Six months after the deal closed, Reid introduced legislation to address the plight of lubricants dealers who had their supplies disrupted by the decisions of big oil companies. It was an issue the Haycock family had brought to Reid’s attention in 1994, according to a source familiar with the events.

If Reid were to sell the property for any of the various estimates of its value, his gain on the $10,000 investment could range from $50,000 to $290,000.

It is a potential violation of congressional ethics standards for a member to accept anything of value — including a real estate discount — from a person with interests before Congress.

The bill that Reid proposed never passed, but the land passed to Reid nevertheless. It would have imposed government restrictions on interruptions of supply from oil suppliers to lubricant distributors, a common problem faced by people like Haycock. Although his repeated attempts to pass the legislation never succeeded, Reid’s efforts made it clear to the suppliers that Congress had, in the words of LAT reporters Chuck Neubauer and Tom Hamburger, taken an interest in supply interruptions — a message that certainly seems intended to intimidate Haycock’s suppliers.
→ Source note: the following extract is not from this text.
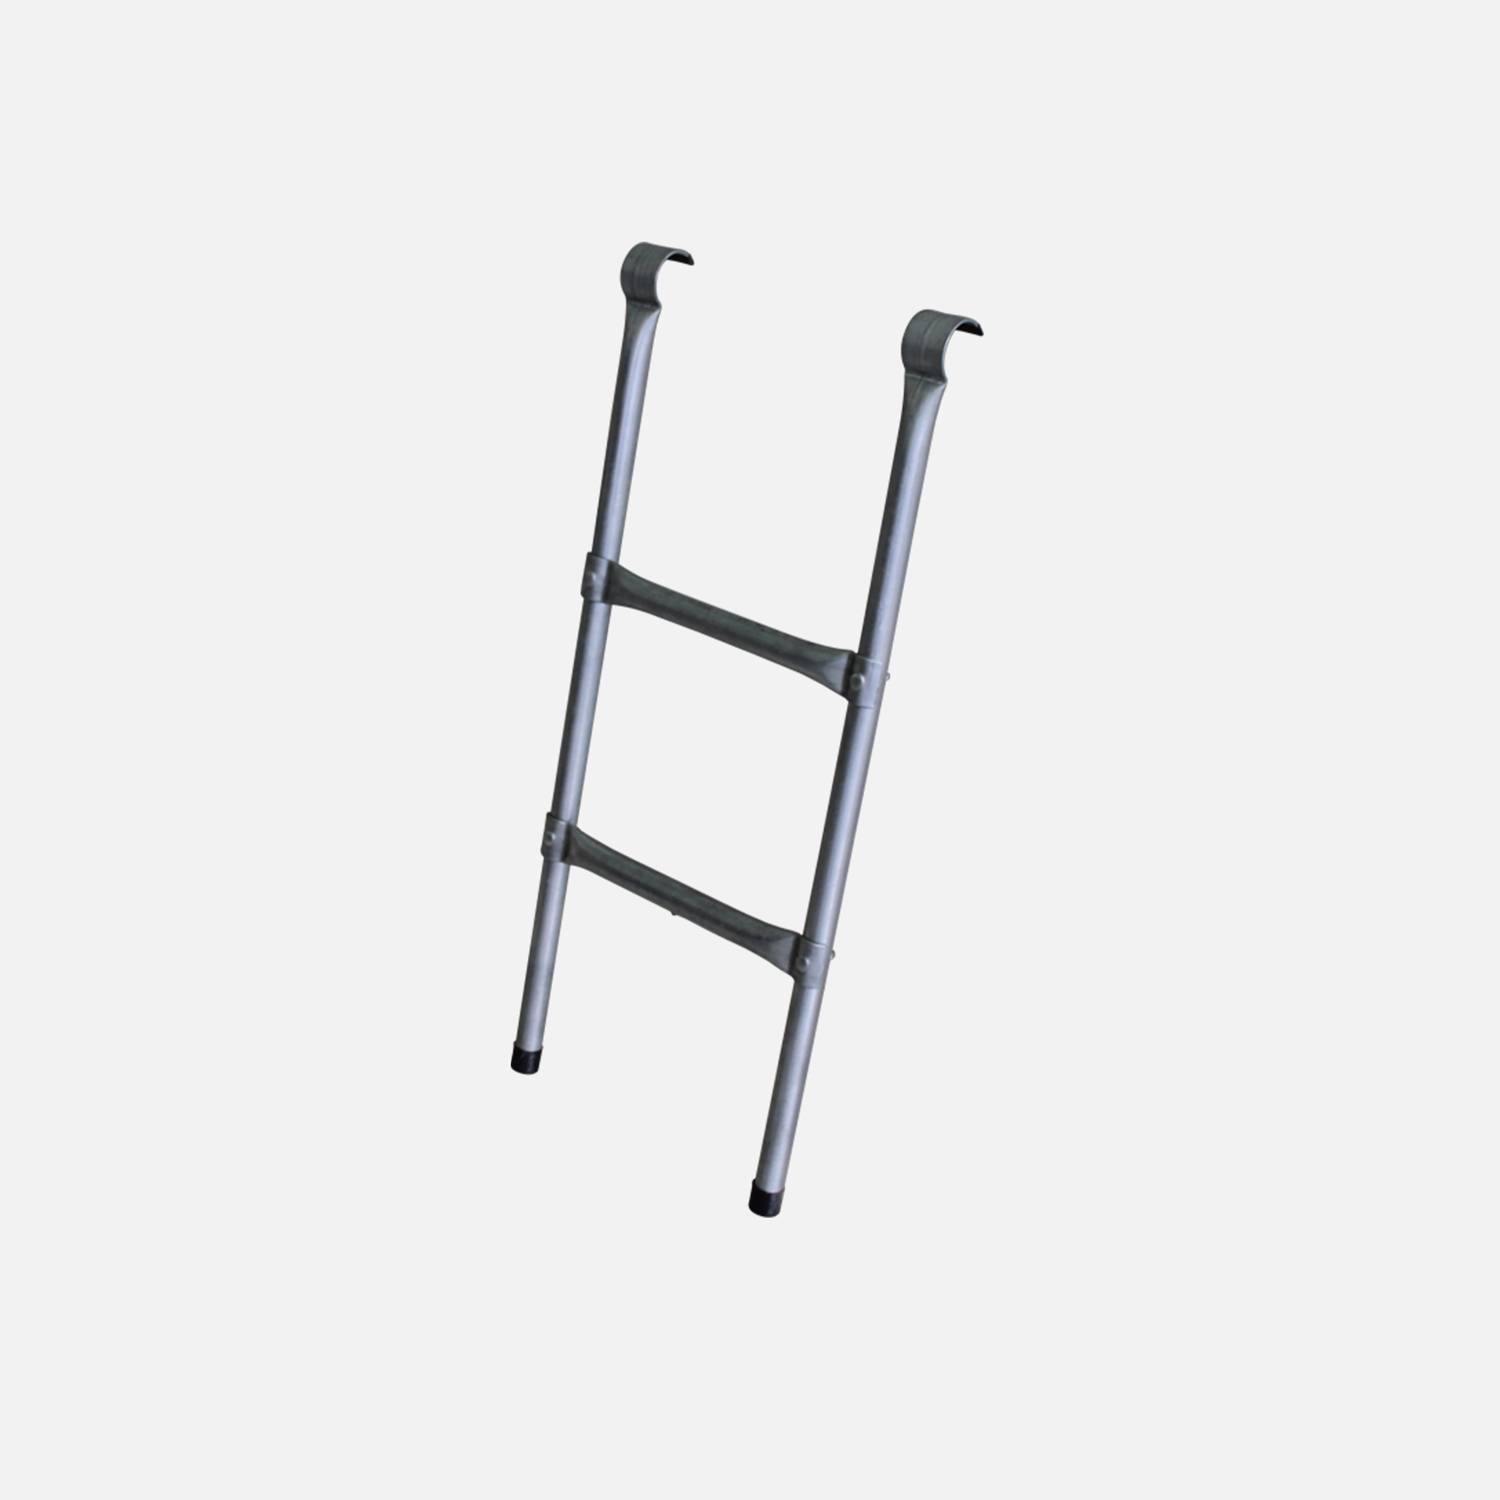 Leiter für Trampolin mit einem Durchmesser von 245 oder 250 cm - Aus Stahl - Qualität PRO. | EU-Normen Photo1
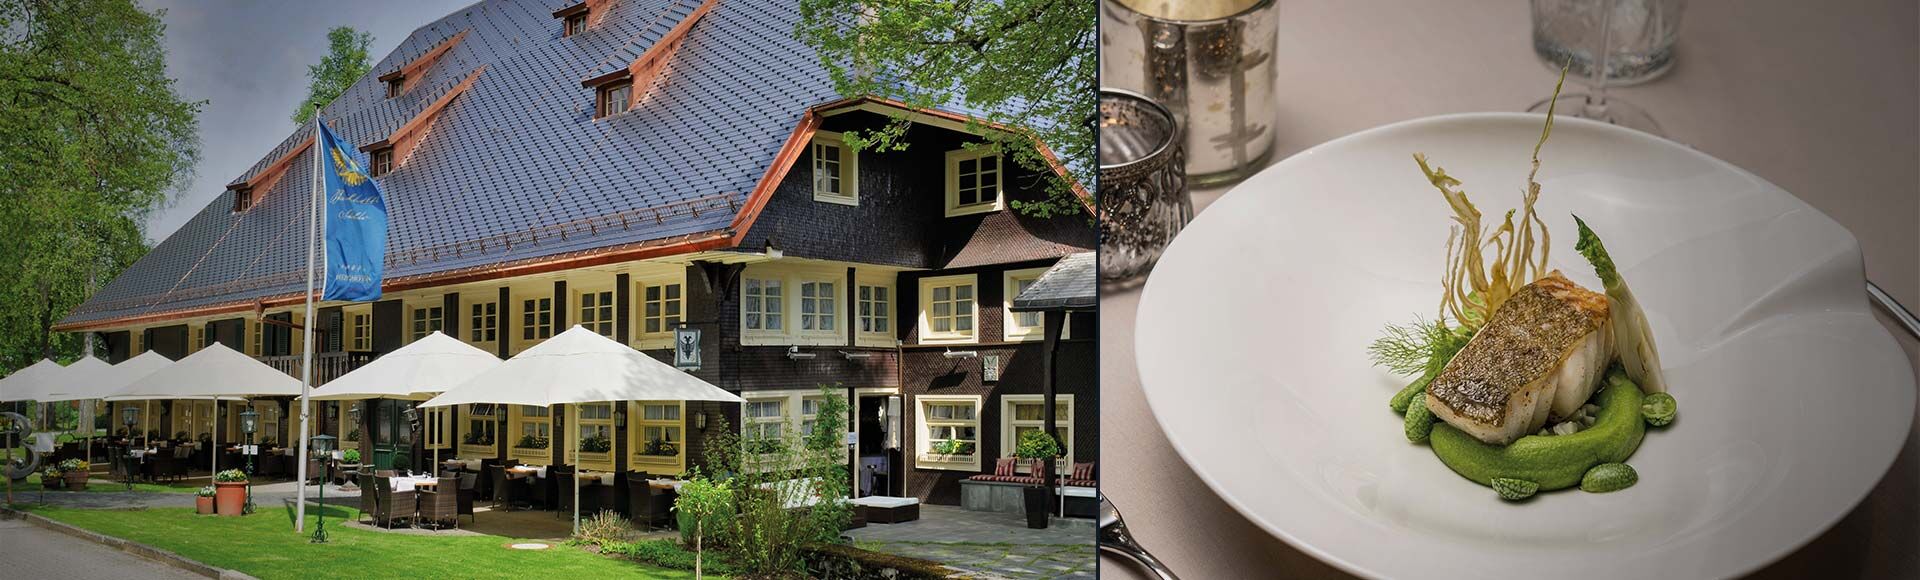 Schwarzwaldhaus mit Terrasse und Gericht Kabeljau auf Spinatmousseline und Fencheltartar

In 1982, Haycock and Reid purchased the land in a partnership in which Reid owned a five-eighths share. Haycock spent $1500 an acre for his share of the land. In 1987, Haycock used his portion of the land as a contribution to his employee pension fund. A few years later, a California group bought the entire 160 acres from Reid and Haycock for over $1.3 million, which amounted to $8400 an acre — a fabulous return on investment over the 10 years that Reid and Haycock held the land. Unfortunately, the California investors ended up defaulting on the sale, and it reverted back to Reid and Haycock.